■ Dataset excerpt
——————————
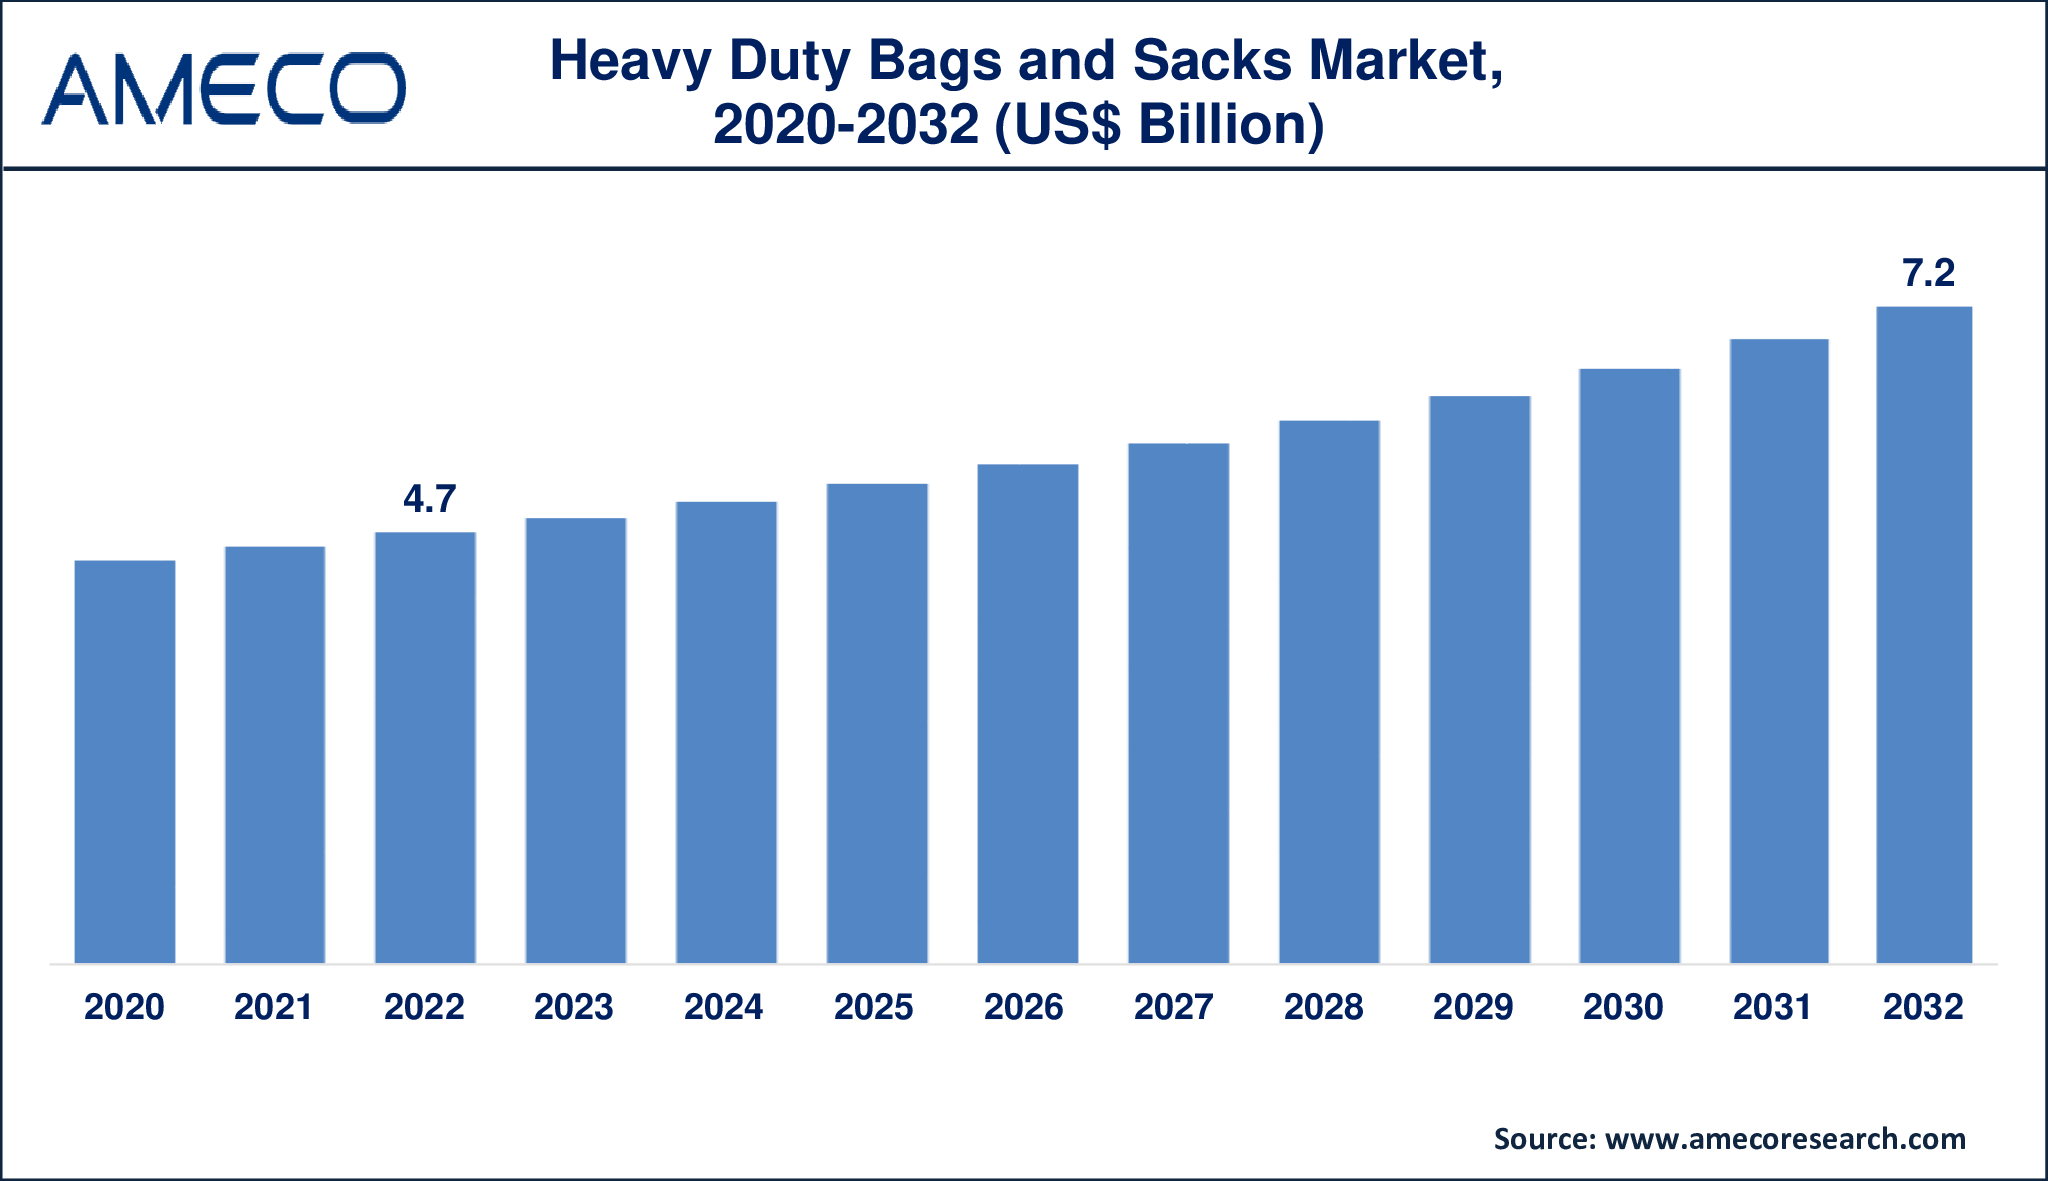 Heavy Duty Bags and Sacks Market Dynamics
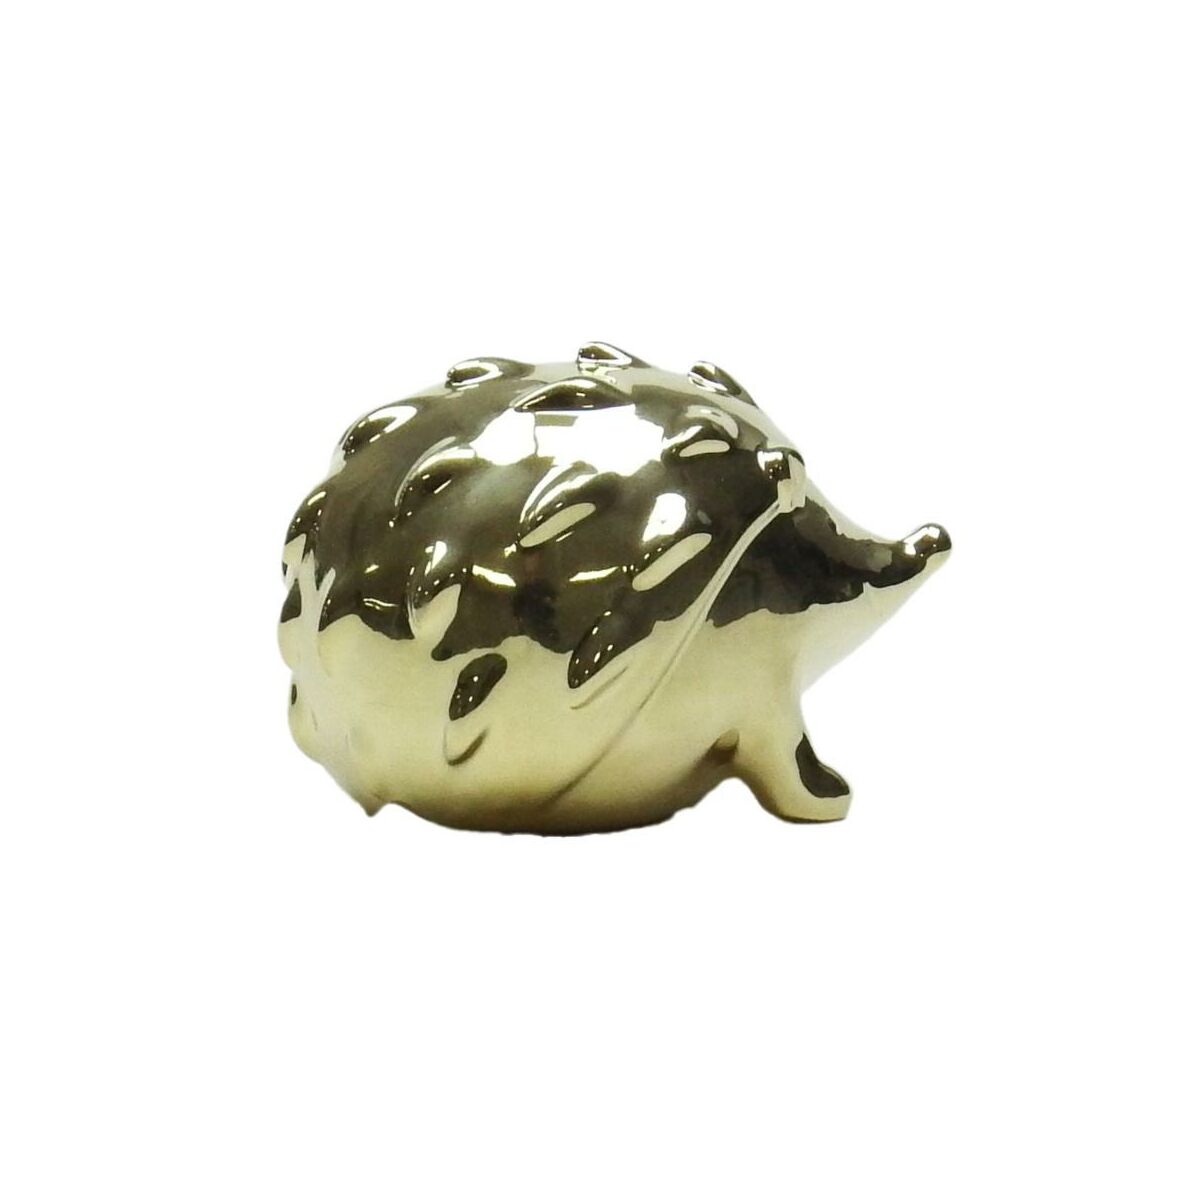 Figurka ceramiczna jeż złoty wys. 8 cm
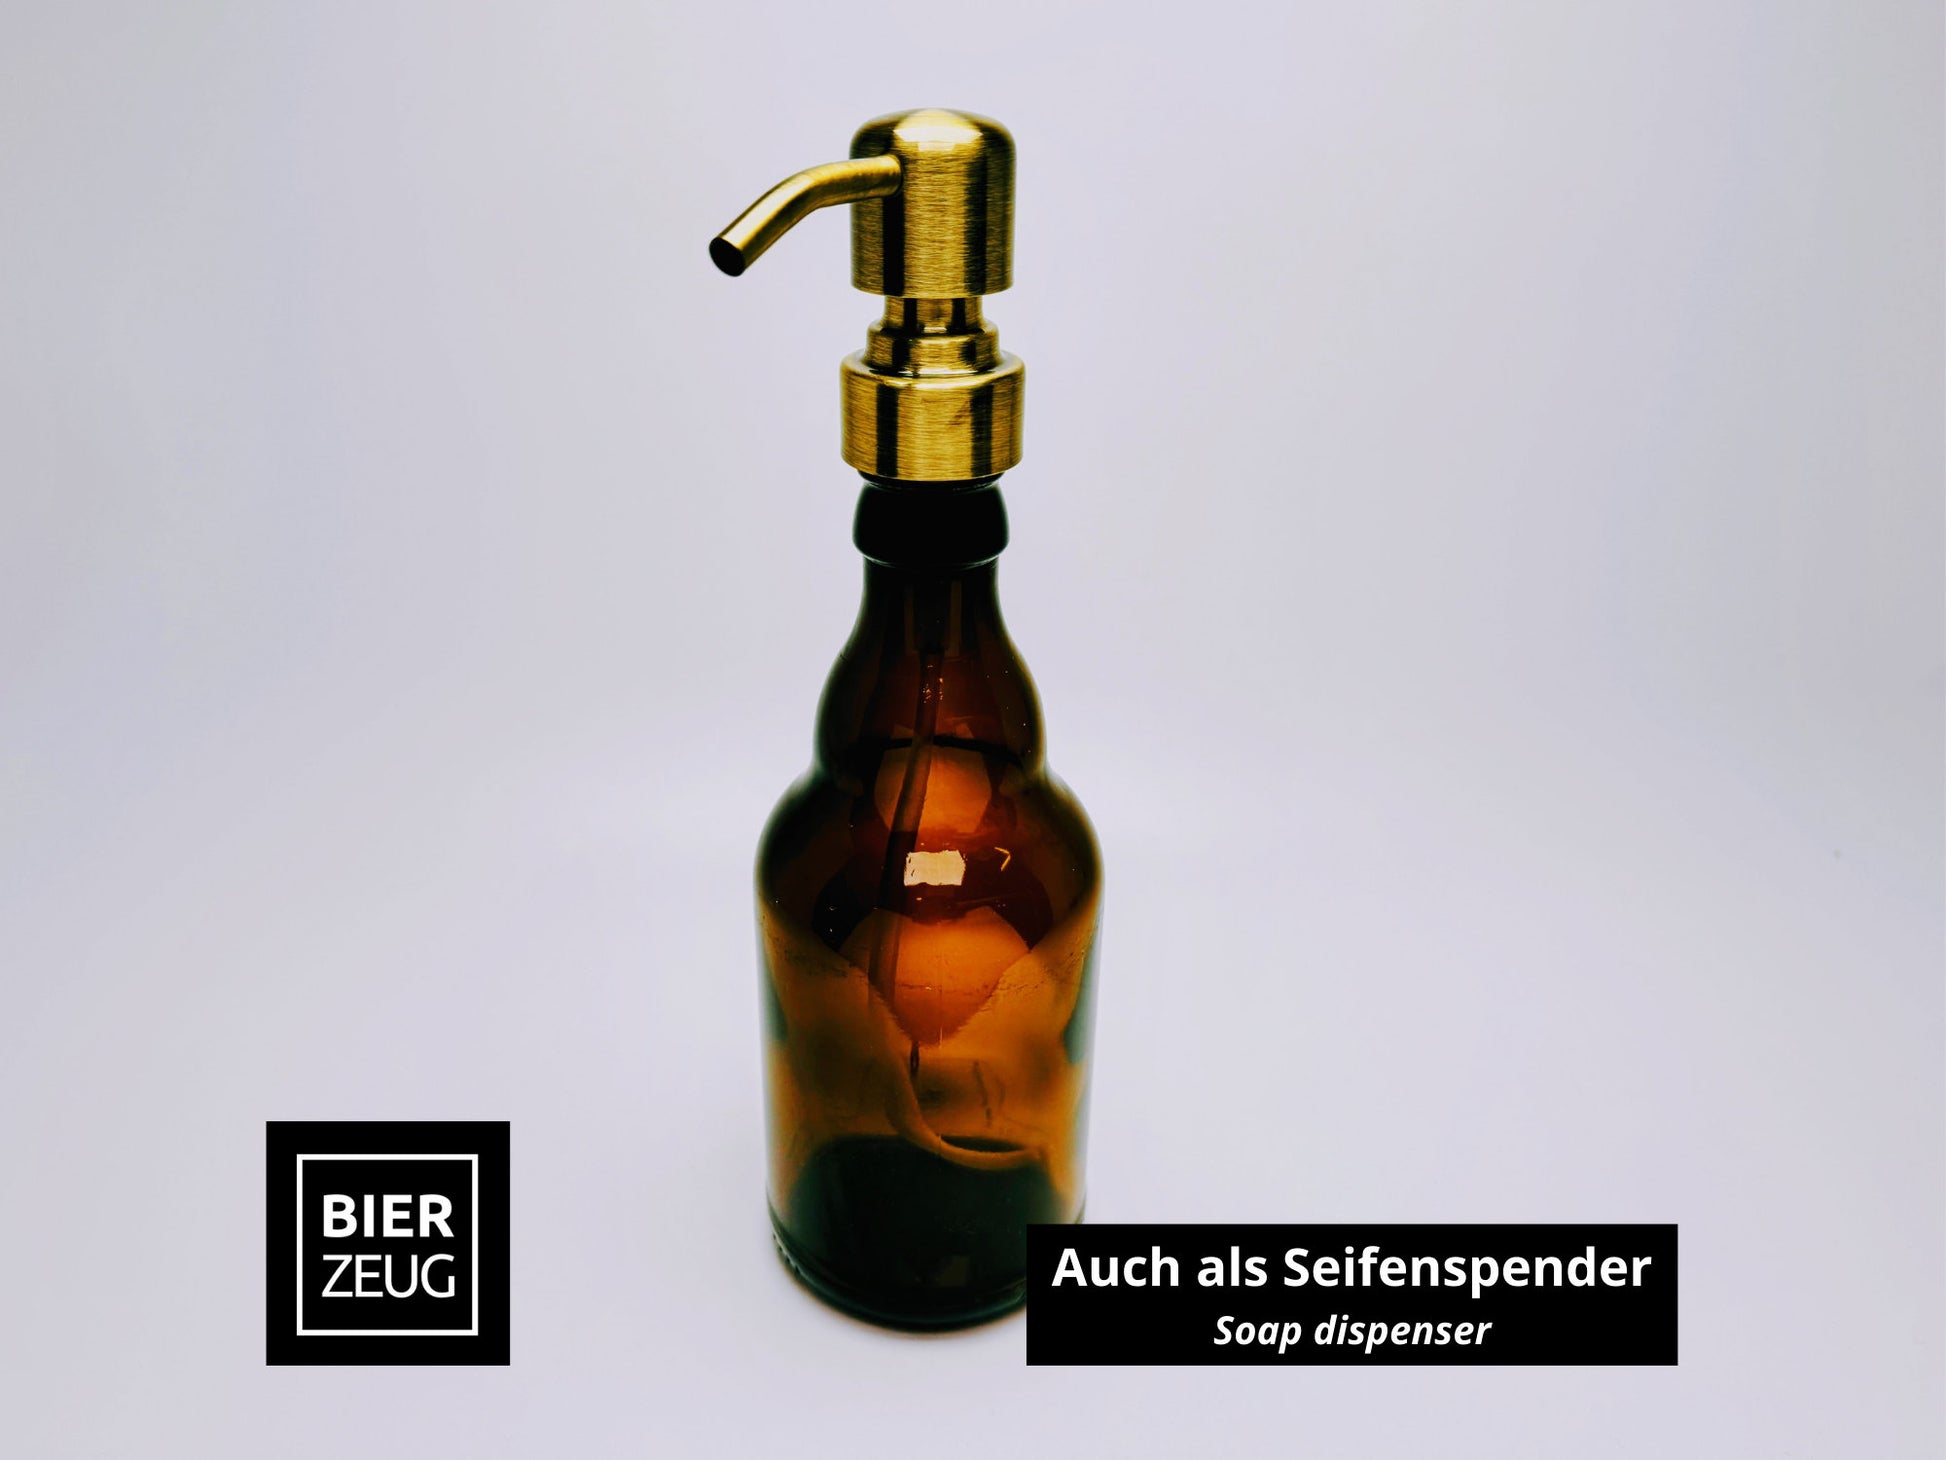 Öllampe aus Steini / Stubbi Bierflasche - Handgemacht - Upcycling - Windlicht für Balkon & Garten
——————————
■ Task item
Give back the whole listing exactly as it stands. Drop every picture.

■ Final answer
 Heavy Duty Bags and Sacks Market Dynamics
 Figurka ceramiczna jeż złoty wys. 8 cm
 Öllampe aus Steini / Stubbi Bierflasche - Handgemacht - Upcycling - Windlicht für Balkon & Garten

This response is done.